My goal in writing this article is not to scare you, but rather make you more aware of what you choose to put into your body. Food is fuel, much like gas is in a car. I have numerous clients and friends tell me they are following a calorie restricted diet and cannot lose weight/fat. Remember that weight and fat are two different things (I wrote a blog explaining this in detail here). Calories in must be less than calories out to lose weight, yes, but to change body composition, you need to fuel your body properly to create and maintain lean muscle mass, which then decreases excess body fat.
By adhering to a process free diet, not only do you ingest more vitamins and nutrients, but your body absorbs these foods and uses them to fuel your activity. Beyond aesthetics, processed free living prevents disease and other complications later in life. You will also notice a surge in natural energy as your body efficiently utilizes more of the foods you consume!

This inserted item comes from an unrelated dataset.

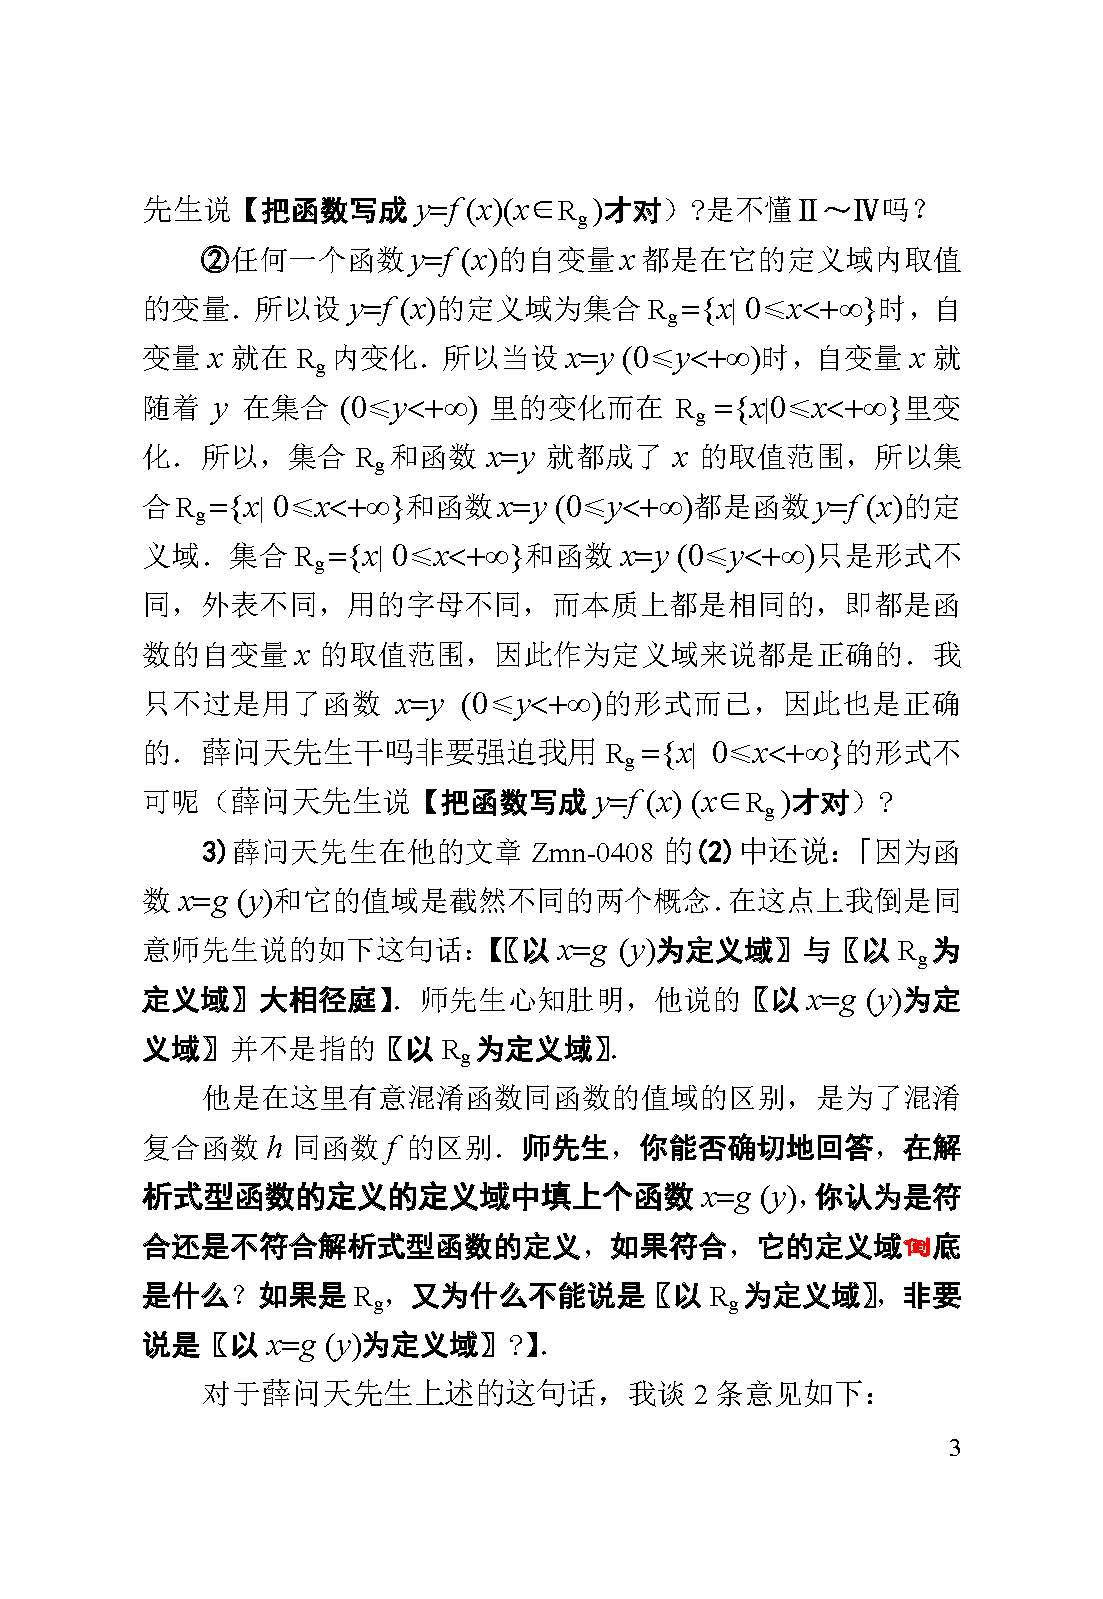 评薛问天先生的文章0408_页面_03.jpg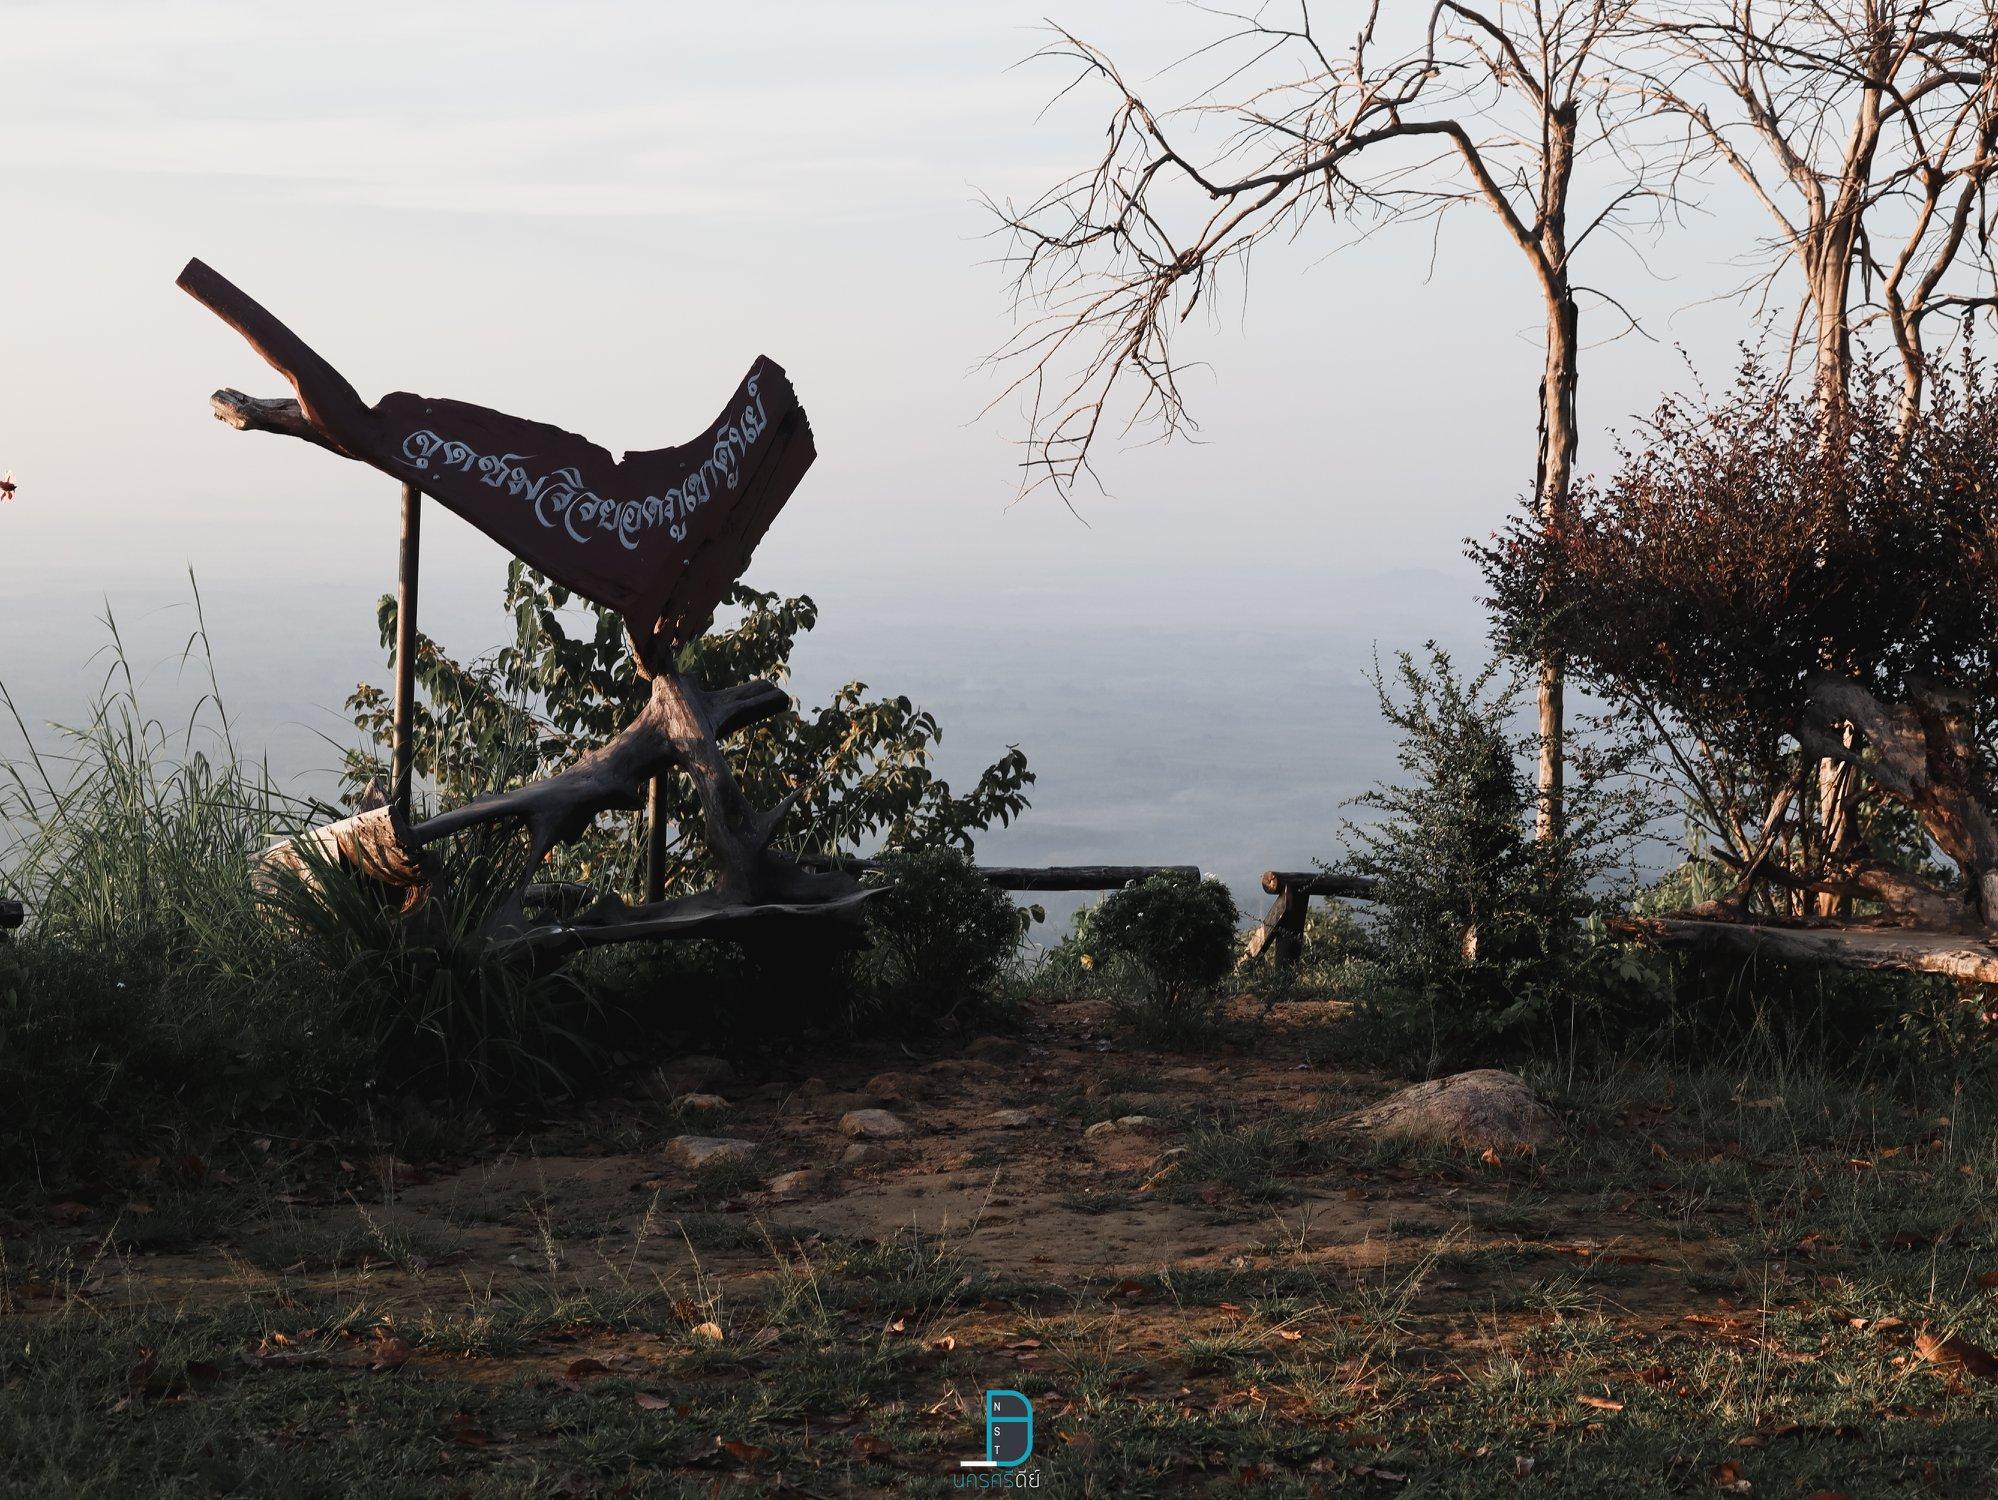 ทริป 2 วัน 1 คืน ชมวิวทะเลหมอก ป่าเขา ธรรมชาติ at ช้างกลาง ฉวาง นครศรีดีย์

Try implementing the 80/20 rule for whole to processed foods in your home. I recognize that convenience is key with busy schedules, and whole food options are not always available. Starting with an 80/20 rule is both beneficial to your fitness and nutrition goals and also allows some wiggle room for indulgences!
A few tips to keep in mind as you grocery shop:
- Rid your kitchen and grocery lists of as much processed foods as possible
- Of the processed foods – make note of serving sizes and calories (ex: if you’re shooting for recommended intake of 2000 calories/day, and you choose a food with 700 calories/serving, you’ve just eaten 1/3 of your daily total)
- Look for the trigger words as outlined above.
Finally, remember that this is a lifestyle. It’s not a “diet” that you go “on”. Taking small steps to change current habits ensures a sustainable and maintainable nutrition plan for a balanced lifestyle.